A principios de la década de los ’70 empezaron a oírse voces del mundo académico, alarmadas por la reducción de la concentración del ozono estratosférico, durante largos periodos de la primavera austral, sobre vastas áreas del polo sur.
Este fenómeno estacional es conocido como el “hueco de la capa de ozono”. La preocupación de la comunidad científica estaba bien fundamentada; el ozono de la alta atmósfera actúa como un eficiente filtro de los dañinos rayos ultravioleta (UV-B), lo que hace posible el desarrollo de la vida, tal como la conocemos.
Cada año, su extensión era mayor y el efecto sobre el fitoplancton, inicio de la cadena alimenticia, se hacía más notorio y preocupante. Se considera causante de cáncer de piel, cataratas y con efectos sobre la vida terrestre y marina. Como resultado de esta seria amenaza a la vida terrestre, las Naciones Unidas, a través de su programa para el medio ambiente (PNUMA), convocó a las naciones del mundo a abordar, por primera vez en la historia, una amenaza con implicaciones globales para la humanidad.
En septiembre de 1987 se firmó el Protocolo de Montreal, que controlaba el consumo y fabricación de los clorofluorocarbonos (CFC) y halones. Estas sustancias fluoradas se utilizaban de manera intensiva en refrigeración, aires acondicionados, producción de espumas aislantes, solventes para la industria electrónica, sistemas de esterilización, aerosoles, esterilización de suelos agrícolas, extinción de incendios y muchos otros usos. Su eliminación comportaba un enorme esfuerzo y un dramático y costoso cambio tecnológico; sobre todo para nuestro país, que había logrado un incipiente proceso de desarrollo y se vería forzado a sufrir una desindustrialización, en un sector en el cual ya habíamos logrado cierto grado de independencia tecnológica y capacidad de exportación, a través de la empresa mixta Produven, ubicada en Morón, que fue cerrada en el año 2005
El Protocolo, originalmente favorecía la sustitución hacia los, hasta ese momento benignos, HCFC. Revisiones posteriores en Londres (1990) y Copenhague (1992) aumentaron el número de sustancias controladas a 95 químicos y adelantó la prohibición total para 1995 Los países en vías de desarrollo gozábamos de un plazo mayor y dispondríamos de un fondo financiero para cubrir los costos de la sustitución.
A través de equipos importados de refrigeración, se creó una demanda interna del novísimo HFC-134a, totalmente importado.
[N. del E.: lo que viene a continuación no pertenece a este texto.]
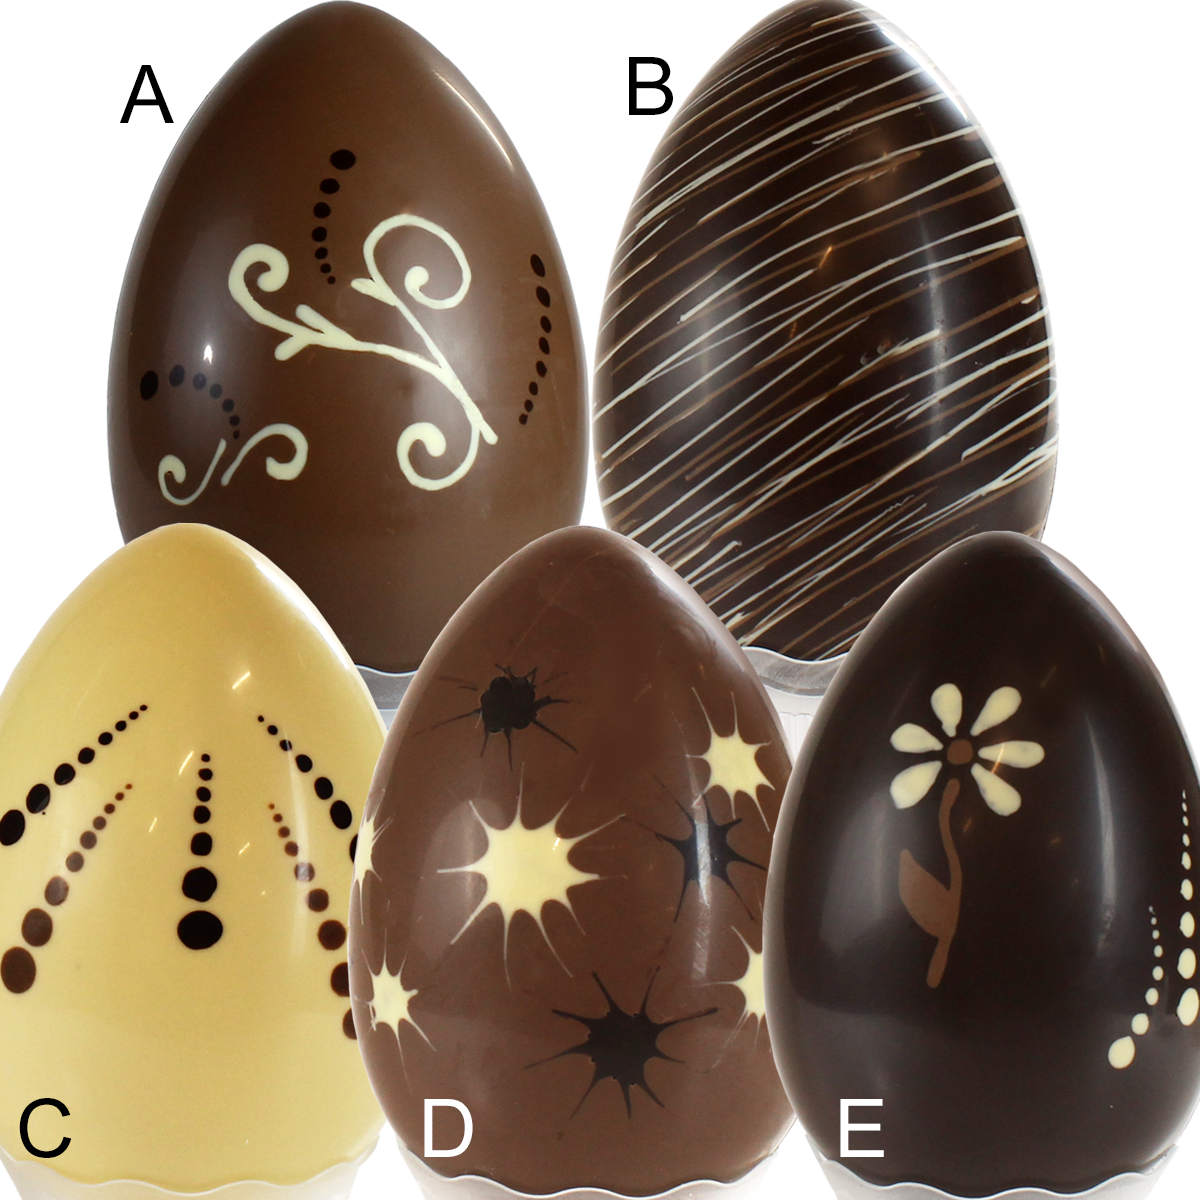 Uova di Pasqua di cioccolato con decorazioni fantasia al latte, bianco o  fondente

Las evaluaciones de estos sustitutos, encontraron que el potencial de efecto invernadero de los HFC, es hasta 3000 veces superior a los viejos sustitutos. La protección de la capa de ozono, había empeorado un nuevo problema ambiental, el calentamiento global. Se estima que su contribución al aumento de la temperatura promedio planetaria, es de hasta 0,4 grados centígrados, lo que pone en dificultad la meta de limitar el aumento de la temperatura atmosférica a 2 grados centígrados, con respecto a los niveles de la época preindustrial.
El Protocolo de Montreal ha respondido de forma positiva a su objetivo primario. La evolución del hueco de la capa de ozono, ha disminuido año tras año, y ya se vislumbra su desaparición paulatina, durante los próximos 50 años.
Las complejas negociaciones y el equilibrio alcanzado en el acuerdo de Montreal, se ven ahora impactadas por los efectos de los HFC sobre el calentamiento atmosférico. Se nos impone nuevamente otra reconversión industrial y una acentuación de nuestra dependencia tecnológica. Esta vez, sin embargo, las exigencias del control ambiental inciden de manera clara, sobre el futuro de nuestra principal industria de exportación, el petróleo y acarrean nuevas demandas sobre el viejo y efectivo tratado de Montreal.